▶

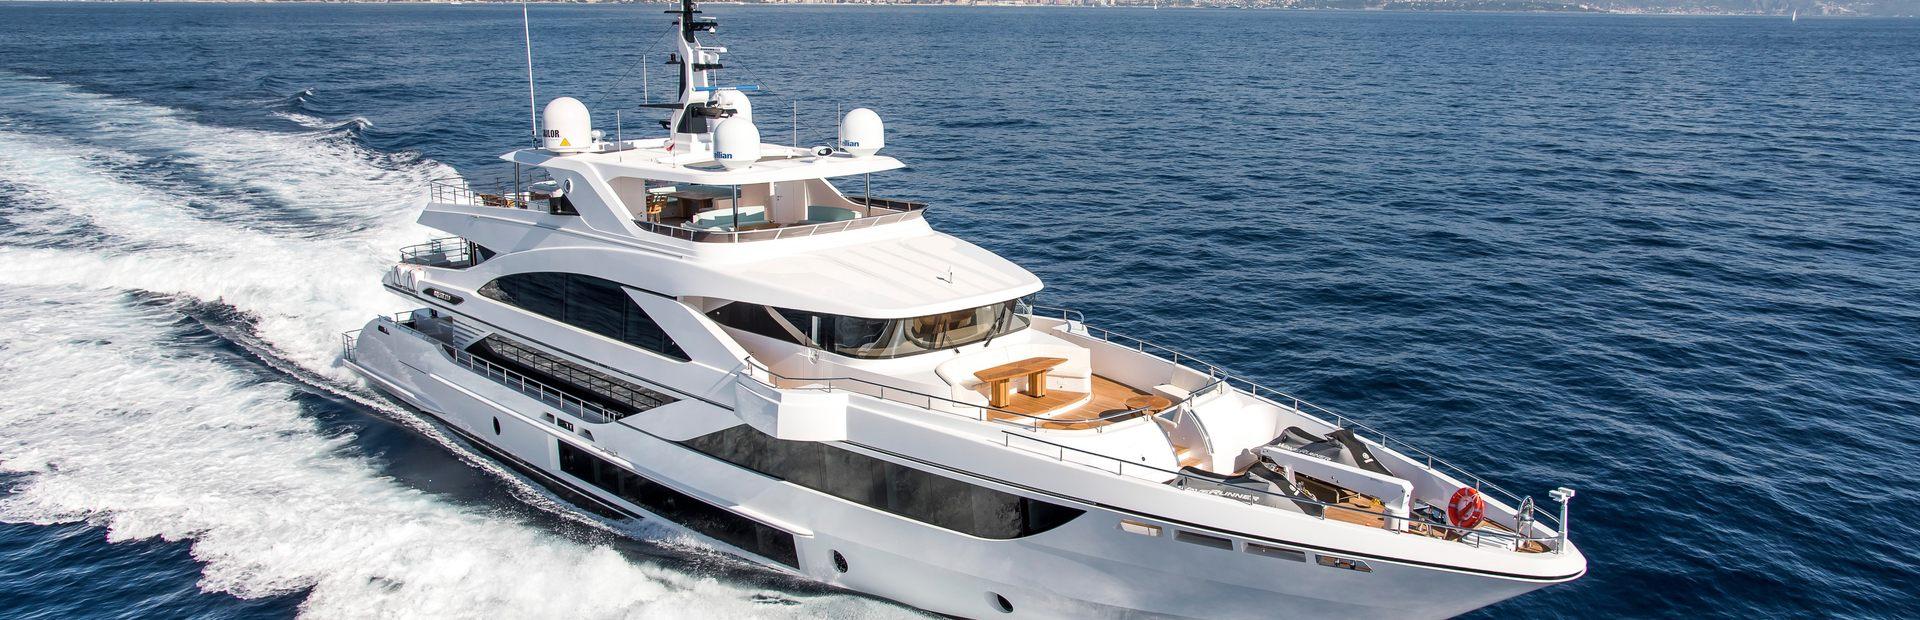 Majesty 140 Yacht Charter
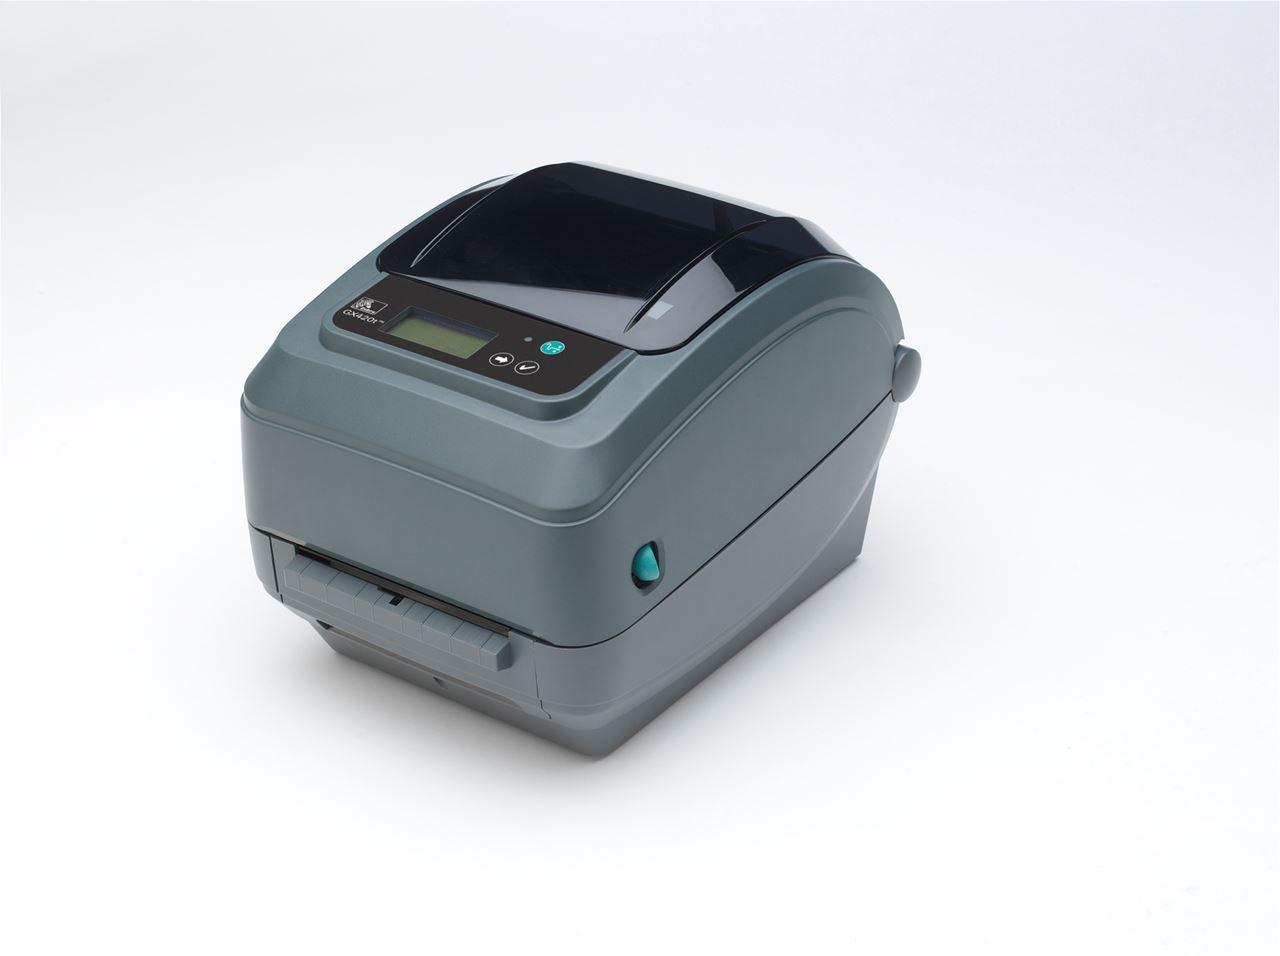 Picture of Zebra GX420d Desktop Printer Range
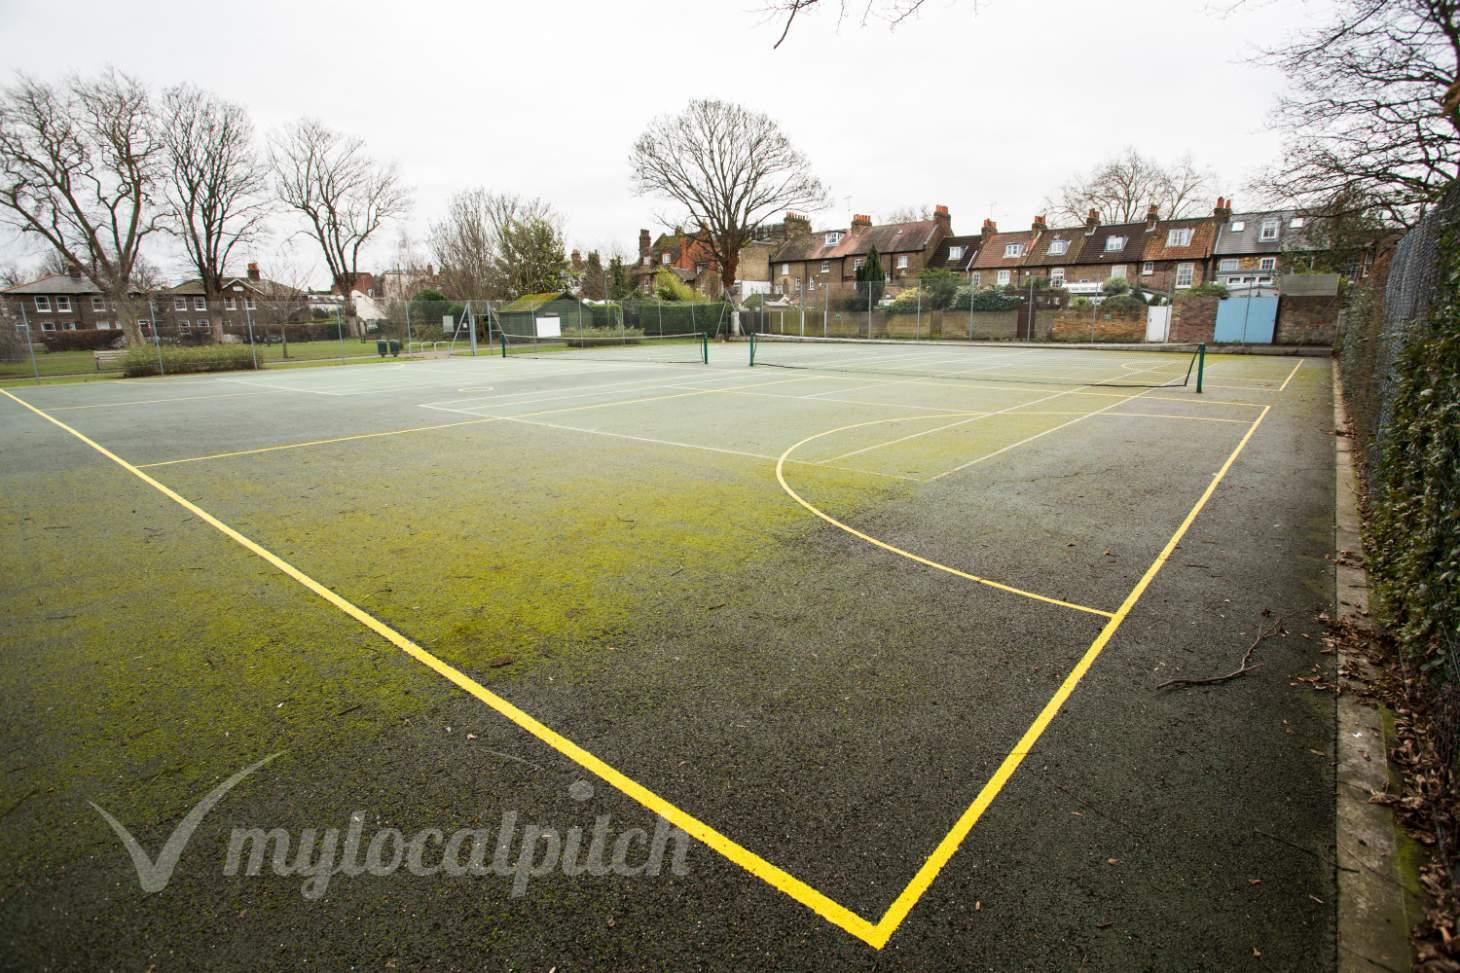 Westerley Ware Outdoor   Hard (macadam) netball court

◀

Copy every line of the data exactly as written, excluding the pictures.

▸ **RESPONSE BELOW**:
 Majesty 140 Yacht Charter
 Picture of Zebra GX420d Desktop Printer Range
 Westerley Ware Outdoor   Hard (macadam) netball court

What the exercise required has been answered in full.